28. Subject to the normal criteria governing their use - and insofar as they relate to the matters specified in class 18B and 22A - conditions may be attached to the grant of prior approval. Similarly, consideration may be given to the use of planning obligations or other legal agreements, subject to the relevant tests in circular 3/2012. Matters which are not relevant to prior approval decisions under class 18B and 22A (e.g. provision of education facilities) should not be the subject of conditions or planning obligations. In operating these controls, planning authorities should always have full regard to the need to avoid imposing any unnecessary or excessively costly requirements; and to the normal considerations of reasonableness.

Efficient Handling of Prior Notifications and Details Submitted for Approval

29. The Scottish Ministers attach great importance to the prompt and efficient handling of prior notifications and any subsequent submissions of details for approval under the provisions of the GPDO. Delegation of decisions to officers will help to achieve prompt and efficient handling, and should be extended as far as possible. It is essential that authorities acknowledge receipt of each prior notification, giving the date on which it was received.

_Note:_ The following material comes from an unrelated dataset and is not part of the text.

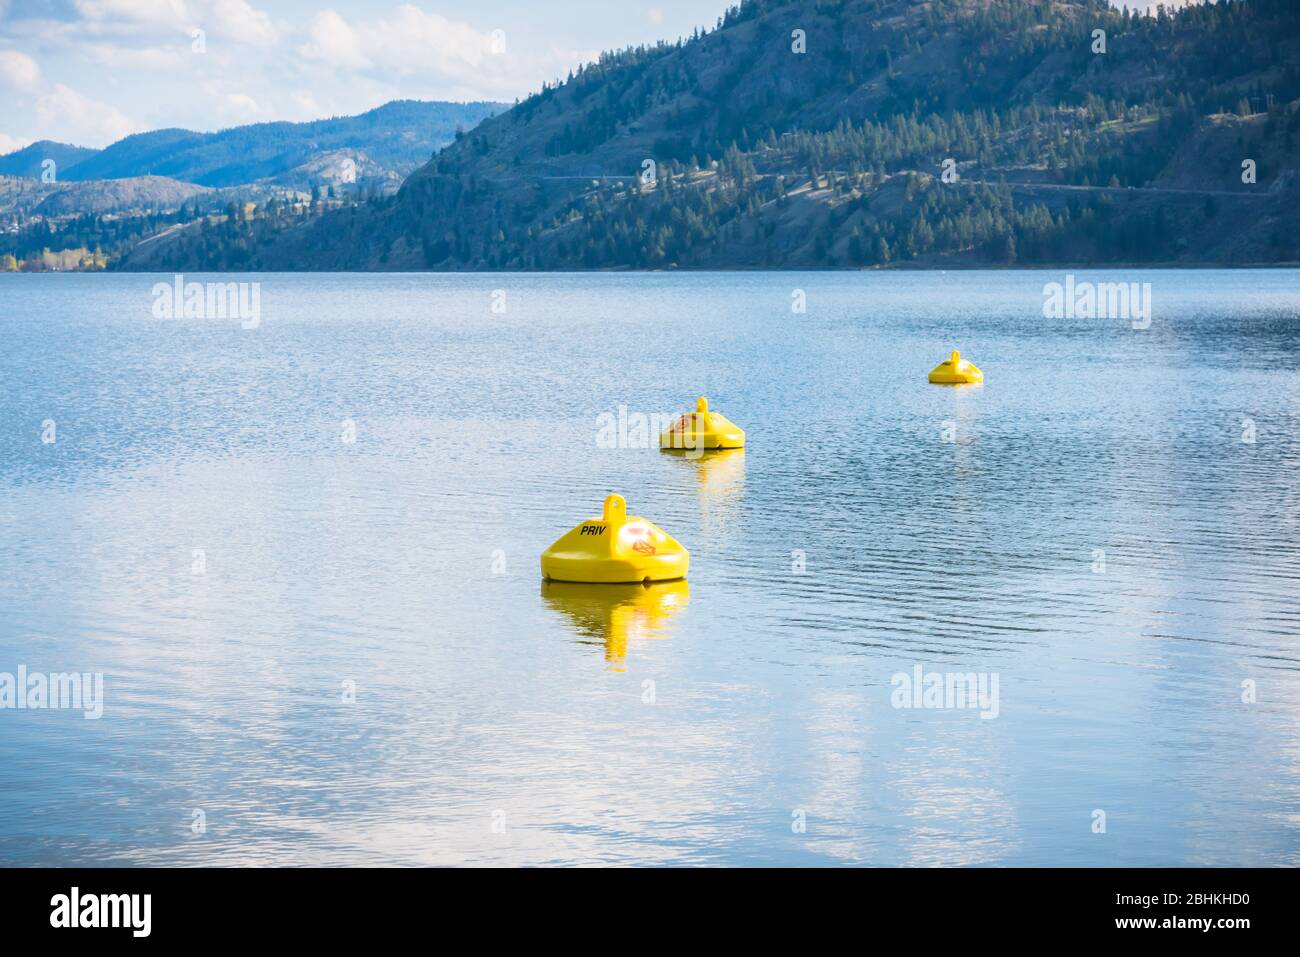 Boyas amarillas que marcan zonas peligrosas con corrientes peligrosas en el lago, donde no se permite nadar Foto de stock

30. Where the authority does not propose to require the submission of details it should not merely wait for the 28 days to expire but should inform the developer as soon as possible, to avoid any uncertainty and possible delay. Where the authority does decide prior approval is required, it should write to the developer as soon as possible stating clearly and simply exactly what, if any, further details are needed. Care should be taken not to request more information than is absolutely necessary.

Records of Notifications

31. Although there is no statutory requirement to do so, planning authorities should keep records of such notifications

Completion of development

32. Where prior approval is not required the development must be carried out in accordance with the plans and description submitted to the planning authority.

33. Where prior approval has been required and granted, the development must be carried out in accordance with the details approved.

34. In all cases, the development is to be carried out within three years of the date from which all approvals have been issued, or the date on which the 28 day period expired if no decision was issued before that date.